Only one stretch of the data below should be repeated: the lines from the line containing "Kids Chuck Taylor" through the line containing "Beliani Sideboard Black", inclusive, exactly as they are.

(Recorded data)
════════

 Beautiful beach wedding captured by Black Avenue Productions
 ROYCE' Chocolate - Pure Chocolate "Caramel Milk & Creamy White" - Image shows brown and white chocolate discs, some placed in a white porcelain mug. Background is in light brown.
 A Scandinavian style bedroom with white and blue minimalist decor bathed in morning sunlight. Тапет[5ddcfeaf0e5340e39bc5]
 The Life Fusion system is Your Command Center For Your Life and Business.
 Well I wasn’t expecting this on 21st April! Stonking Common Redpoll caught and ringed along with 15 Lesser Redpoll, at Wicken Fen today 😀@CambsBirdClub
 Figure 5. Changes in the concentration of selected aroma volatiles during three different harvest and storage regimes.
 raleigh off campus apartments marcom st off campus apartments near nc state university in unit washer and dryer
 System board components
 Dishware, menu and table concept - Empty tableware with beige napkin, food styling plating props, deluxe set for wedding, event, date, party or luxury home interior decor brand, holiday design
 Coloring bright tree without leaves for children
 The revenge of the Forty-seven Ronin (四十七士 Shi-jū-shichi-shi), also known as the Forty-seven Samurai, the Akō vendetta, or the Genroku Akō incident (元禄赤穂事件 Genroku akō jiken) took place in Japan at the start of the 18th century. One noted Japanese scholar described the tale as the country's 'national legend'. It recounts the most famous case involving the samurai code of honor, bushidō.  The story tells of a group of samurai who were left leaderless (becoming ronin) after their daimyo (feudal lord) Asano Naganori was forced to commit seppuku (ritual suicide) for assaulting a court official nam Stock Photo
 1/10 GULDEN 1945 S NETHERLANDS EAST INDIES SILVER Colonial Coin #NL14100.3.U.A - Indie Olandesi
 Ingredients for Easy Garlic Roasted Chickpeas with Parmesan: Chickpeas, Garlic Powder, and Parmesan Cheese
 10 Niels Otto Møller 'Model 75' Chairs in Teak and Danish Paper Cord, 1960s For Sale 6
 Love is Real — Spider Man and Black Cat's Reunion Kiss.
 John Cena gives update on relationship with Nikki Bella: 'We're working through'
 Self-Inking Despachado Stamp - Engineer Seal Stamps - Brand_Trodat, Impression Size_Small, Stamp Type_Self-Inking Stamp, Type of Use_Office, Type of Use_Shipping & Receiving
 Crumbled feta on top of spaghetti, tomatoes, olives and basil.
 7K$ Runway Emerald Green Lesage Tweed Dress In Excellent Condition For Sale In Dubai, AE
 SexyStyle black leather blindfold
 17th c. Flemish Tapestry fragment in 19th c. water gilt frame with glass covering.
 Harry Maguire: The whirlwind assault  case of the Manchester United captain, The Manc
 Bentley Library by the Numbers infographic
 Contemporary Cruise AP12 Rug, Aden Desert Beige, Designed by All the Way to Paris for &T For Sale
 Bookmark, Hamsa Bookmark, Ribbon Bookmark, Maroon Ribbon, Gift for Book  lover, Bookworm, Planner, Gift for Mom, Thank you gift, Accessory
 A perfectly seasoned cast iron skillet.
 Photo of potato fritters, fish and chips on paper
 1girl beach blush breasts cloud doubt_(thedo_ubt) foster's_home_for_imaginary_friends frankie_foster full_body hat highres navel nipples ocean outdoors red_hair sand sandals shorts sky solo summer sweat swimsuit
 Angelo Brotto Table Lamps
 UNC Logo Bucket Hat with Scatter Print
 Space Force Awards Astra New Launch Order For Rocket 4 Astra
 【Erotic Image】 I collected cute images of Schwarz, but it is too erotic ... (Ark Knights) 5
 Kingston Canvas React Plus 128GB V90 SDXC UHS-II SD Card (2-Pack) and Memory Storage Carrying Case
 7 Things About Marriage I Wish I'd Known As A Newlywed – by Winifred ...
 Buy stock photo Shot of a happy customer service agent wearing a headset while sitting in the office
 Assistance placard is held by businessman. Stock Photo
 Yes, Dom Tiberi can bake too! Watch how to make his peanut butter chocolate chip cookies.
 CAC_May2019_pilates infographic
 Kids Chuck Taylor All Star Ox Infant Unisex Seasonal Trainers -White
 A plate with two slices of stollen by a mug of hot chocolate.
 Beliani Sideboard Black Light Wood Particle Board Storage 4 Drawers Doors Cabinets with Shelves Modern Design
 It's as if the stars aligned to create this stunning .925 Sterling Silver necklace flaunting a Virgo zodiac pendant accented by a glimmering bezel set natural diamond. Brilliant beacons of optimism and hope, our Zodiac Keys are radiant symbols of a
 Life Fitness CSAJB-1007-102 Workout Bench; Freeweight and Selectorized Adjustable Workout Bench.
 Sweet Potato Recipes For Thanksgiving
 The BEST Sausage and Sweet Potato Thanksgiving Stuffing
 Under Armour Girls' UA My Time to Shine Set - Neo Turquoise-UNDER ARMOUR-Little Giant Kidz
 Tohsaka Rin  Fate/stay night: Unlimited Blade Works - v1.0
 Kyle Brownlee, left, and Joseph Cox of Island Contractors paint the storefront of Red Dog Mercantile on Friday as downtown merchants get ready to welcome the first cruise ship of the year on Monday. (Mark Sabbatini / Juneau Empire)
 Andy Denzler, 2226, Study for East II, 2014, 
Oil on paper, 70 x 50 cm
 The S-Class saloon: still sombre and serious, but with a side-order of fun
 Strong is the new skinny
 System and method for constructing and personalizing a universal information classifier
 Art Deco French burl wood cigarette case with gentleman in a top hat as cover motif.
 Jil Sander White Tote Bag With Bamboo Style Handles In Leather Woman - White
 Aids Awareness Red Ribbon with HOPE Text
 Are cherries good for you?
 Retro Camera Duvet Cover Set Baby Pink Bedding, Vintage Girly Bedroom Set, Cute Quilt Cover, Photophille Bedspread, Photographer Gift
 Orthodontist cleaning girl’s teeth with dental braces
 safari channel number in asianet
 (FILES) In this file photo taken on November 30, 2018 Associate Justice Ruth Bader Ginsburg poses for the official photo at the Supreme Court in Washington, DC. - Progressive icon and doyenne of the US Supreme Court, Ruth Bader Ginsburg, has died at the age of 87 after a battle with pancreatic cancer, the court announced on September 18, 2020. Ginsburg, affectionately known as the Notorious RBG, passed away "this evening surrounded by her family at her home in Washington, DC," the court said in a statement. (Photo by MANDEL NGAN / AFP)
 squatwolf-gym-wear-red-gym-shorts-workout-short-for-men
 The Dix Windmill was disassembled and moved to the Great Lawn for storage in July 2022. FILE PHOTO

════════

## Expected answer:
 Kids Chuck Taylor All Star Ox Infant Unisex Seasonal Trainers -White
 A plate with two slices of stollen by a mug of hot chocolate.
 Beliani Sideboard Black Light Wood Particle Board Storage 4 Drawers Doors Cabinets with Shelves Modern Design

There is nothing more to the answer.